参院予算委で勘所を外して拍手した民主党新人議員。

 

鳩山由紀夫

写真・憲法9条の判断で「党に聞いていただければと思います」と答弁

 

 3党連立による鳩山内閣が発足して70日余り。

 鳩山由紀夫首相は、10月26日の所信表明演説で「私は、政治と行政に対する国民の信頼を回復するために、行政の無駄や因習を改め、まずは政治家が率先して汗をかくことが重要だと考えております。このために鳩山内閣は、これまでの官僚依存の仕組みを排し、政治主導・国民主導の新しい政治へと180度転換させようとしています」と述べた。

 ところが、これまでの国会質疑や党運営を見る限り、幹事長に権限が集中する"小沢民主党"と鳩山内閣の関係は「党高政低」と言うほかない。内閣や官邸が党の方針、すなわち小沢幹事長の意向を配慮するケースが多々あるためだ。

 まず、11月2日の衆院予算委員会。自民党の大島理森幹事長が鳩山首相に、憲法9条に関する民主党の見解を尋ねた。

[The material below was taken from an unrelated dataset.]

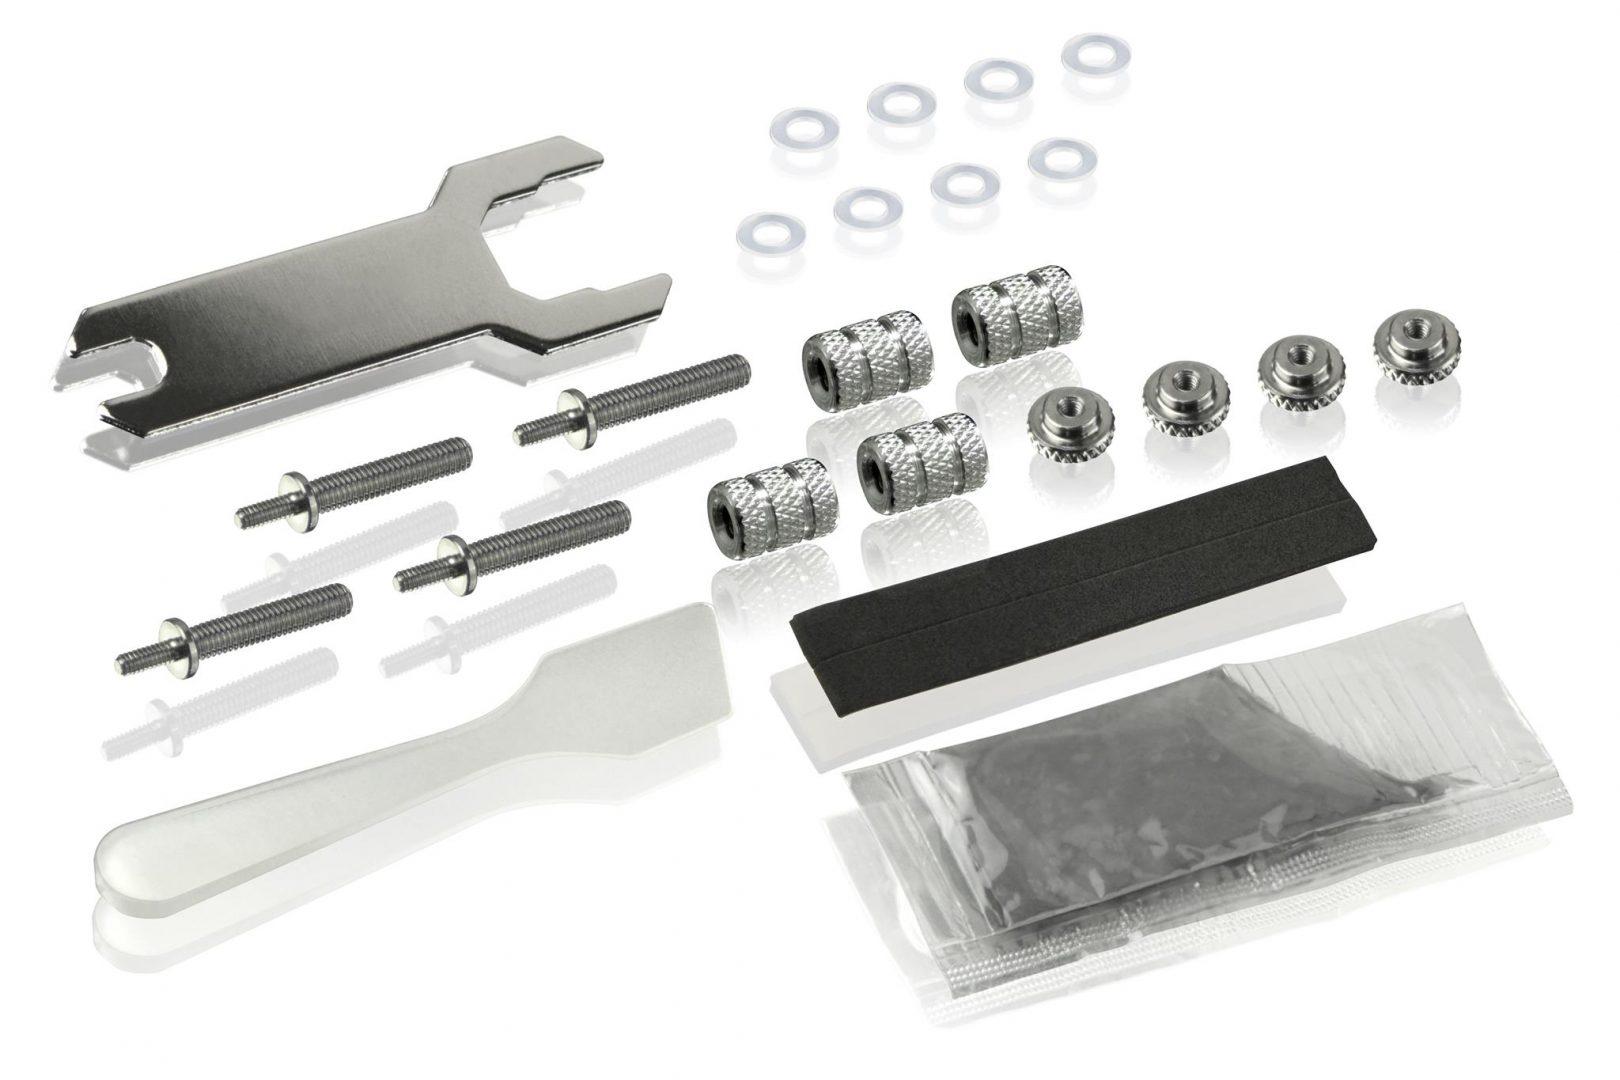 waterblock-gpu-accessories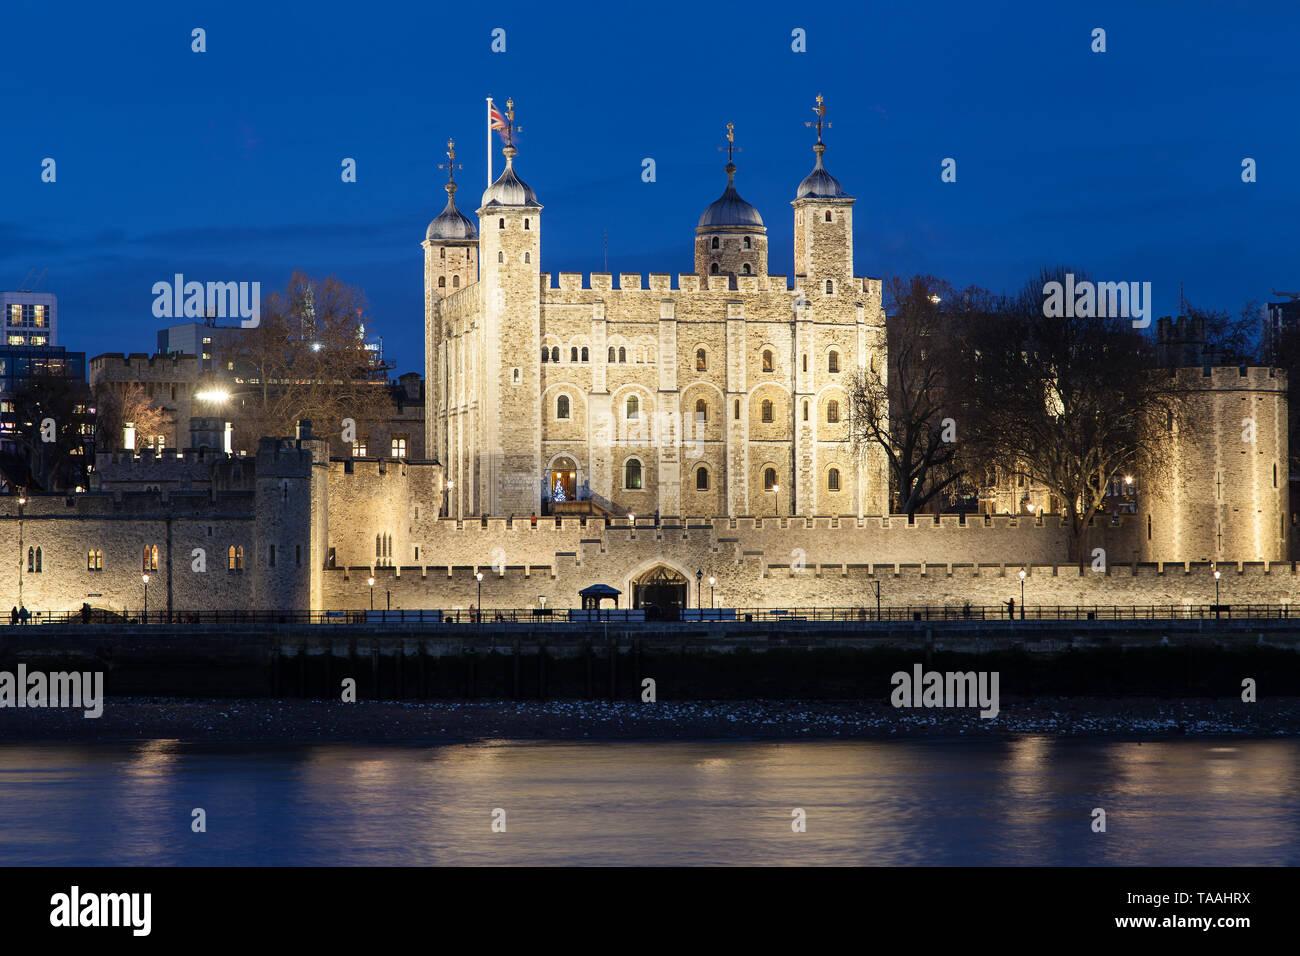 Tower of London at night, United Kingdom. Stock Photo

 大島委員 私は三党連立のことを聞いているのではございません。そういたしますと、三党連立政権では今までの9条の解釈は継続するけれども、民主党としてはその解釈の変更をすることはあり得るということをおっしゃっているんですか。

 鳩山首相 党としては党の判断があると思いますから、党に聞いていただければと思いますが、内閣としての考え方を変えるつもりはありません。

 大島委員 総理、これをなぜ私はしつこく聞くかといいますと、皆さんがアフガニスタンの貢献でいろいろなことをこれから考える、まさにISAFに対する日本の貢献のときに必ずこの問題が起こる、だから聞いているんです。それを党は党でどう考えるかわかりませんというのは、今までマニフェスト、政治主導、政府・与党一体、こう言ってきたことと違うじゃありませんか。(衆院予算委員会会議録から抜粋)

 上記のように鳩山首相は、民主党の党首であるにもかかわらず、党の見解を述べることを回避した。

 続いて、11月6日の参院予算委員会。自民党の西田昌司参院議員が鳩山首相の資金管理団体の政治資金収支報告書虚偽問題を取り上げた。

 西田委員 要するに私は、鳩山総理がいわゆる今言われた罪になるとかいうことを断定しているわけではなくて、この法律の意味はそういうことが担保になっているんですよということを国民に知らせているんです。そのことを御理解いただいた上で、総理は自ら説明責任があるんじゃないですか。もう一度お伺いします。

 鳩山首相 私自身は、従いまして、でき得る限り自分の知り得る情報の下で説明を申し上げているところであります。そして、これ以上のことに関しては、地検にすべての情報を提示を申し上げておりますので、司法の判断をまちたいと、そのように考えております。なお、今お尋ねでございましたが、会計実務担当者は会計責任者ではありません。私は会計責任者の選任も決して間違ってはなかったと、そのようにも今でも思っておりますが、このようなことに関しては司法の判断に待ちたいと、そのように考えております。(民主党議員が拍手)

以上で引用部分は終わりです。